About this Blog

Photo Writing is the web version of the Photo Writing mini-magazine produced by Limephoto and Emil von Maltitz since 2010. As of 2015 it is now completely online. Feel free to browse through the articles and please leave comments in the comments section if you would like to engage with us.

Monday, June 18, 2012

Building the Shot

I've been doing quite a few commercial projects lately where it has been necessary to 'build' the image. Building the image has two connotations to me. The one is to keep adding elements to a created setup until everything just hums and the image comes together. This is how the vast majority of professionals create an image. Some lucky, extraordinarily talented few manage to do it in the first shot, but most grind on at an idea until everything just comes together.



Building the shot can entail getting the props right, the pose perfect and of course the lights in the right place. Herein lies the point of today's post. Sometimes building the shot requires more than the usual buildup of elements so that that click of the camera can create something special. Sometimes we need to take multiple elements and put them together in a single shot.

Click through to continue reading


Click to view a bigger image. Above are the 6 images that make up the final shot. Each individual image barring the last actually shows me in the shot. I moved in close to try and control the spread of light from my hand-held strobe. Layering the images in Photoshop then allowed me to mask yours-truly out of the final image. 

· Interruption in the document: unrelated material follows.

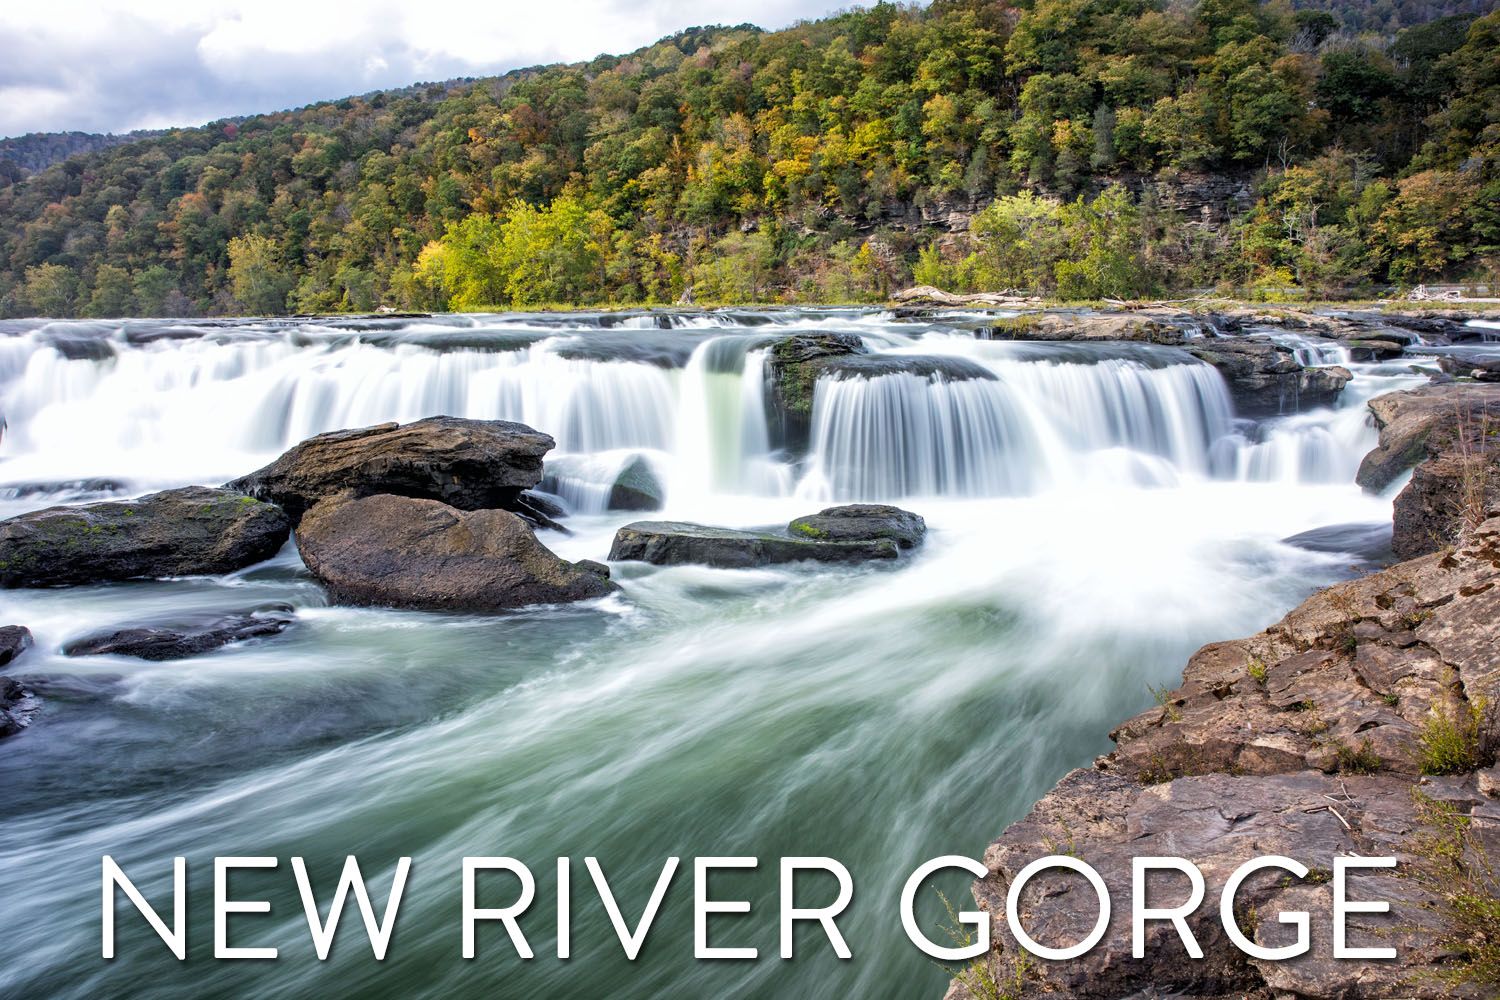 New River Gorge National Park

I have recently finished a full series of shoots for the Kwazulu-Natal based radiology department, Lake Smit and Partners. One of the images that was required was of some of the vehicle fleet that is used for transporting patients. My original idea was to try and shoot the image at dusk using strobes to light up the vehicles and their drivers. Problems arose with transport schedules, usage of the hospital parking area and the simple fact that we couldn't get enough of the drivers together after hours to be able to create this shot. 

Plan B then. We opted to shoot the drivers and some of the vehicles first thing in the morning in the undercover parking lot of St Augustine's Hospital. The hope was that the lot would be empty, which it was...sort of. Next, I scavenged a wooden cable roll that allowed me to raise my tripod and camera above the drivers and their cars. Then, using a single strobe (A Nikon Sb-800 manually fired) I lit each of the individual drivers with a single burst of flash (corresponding to my yelled instructions to somebody to hit the trigger of my cable release). The final shot was a seriously underexposed image to be used as a background for the lit vehicles and drivers. perfect it is not and there are a few niggles that I have with the final image. But, it does prove that a single strobe and a build-up of exposures can create quite an interesting and eye-catching result.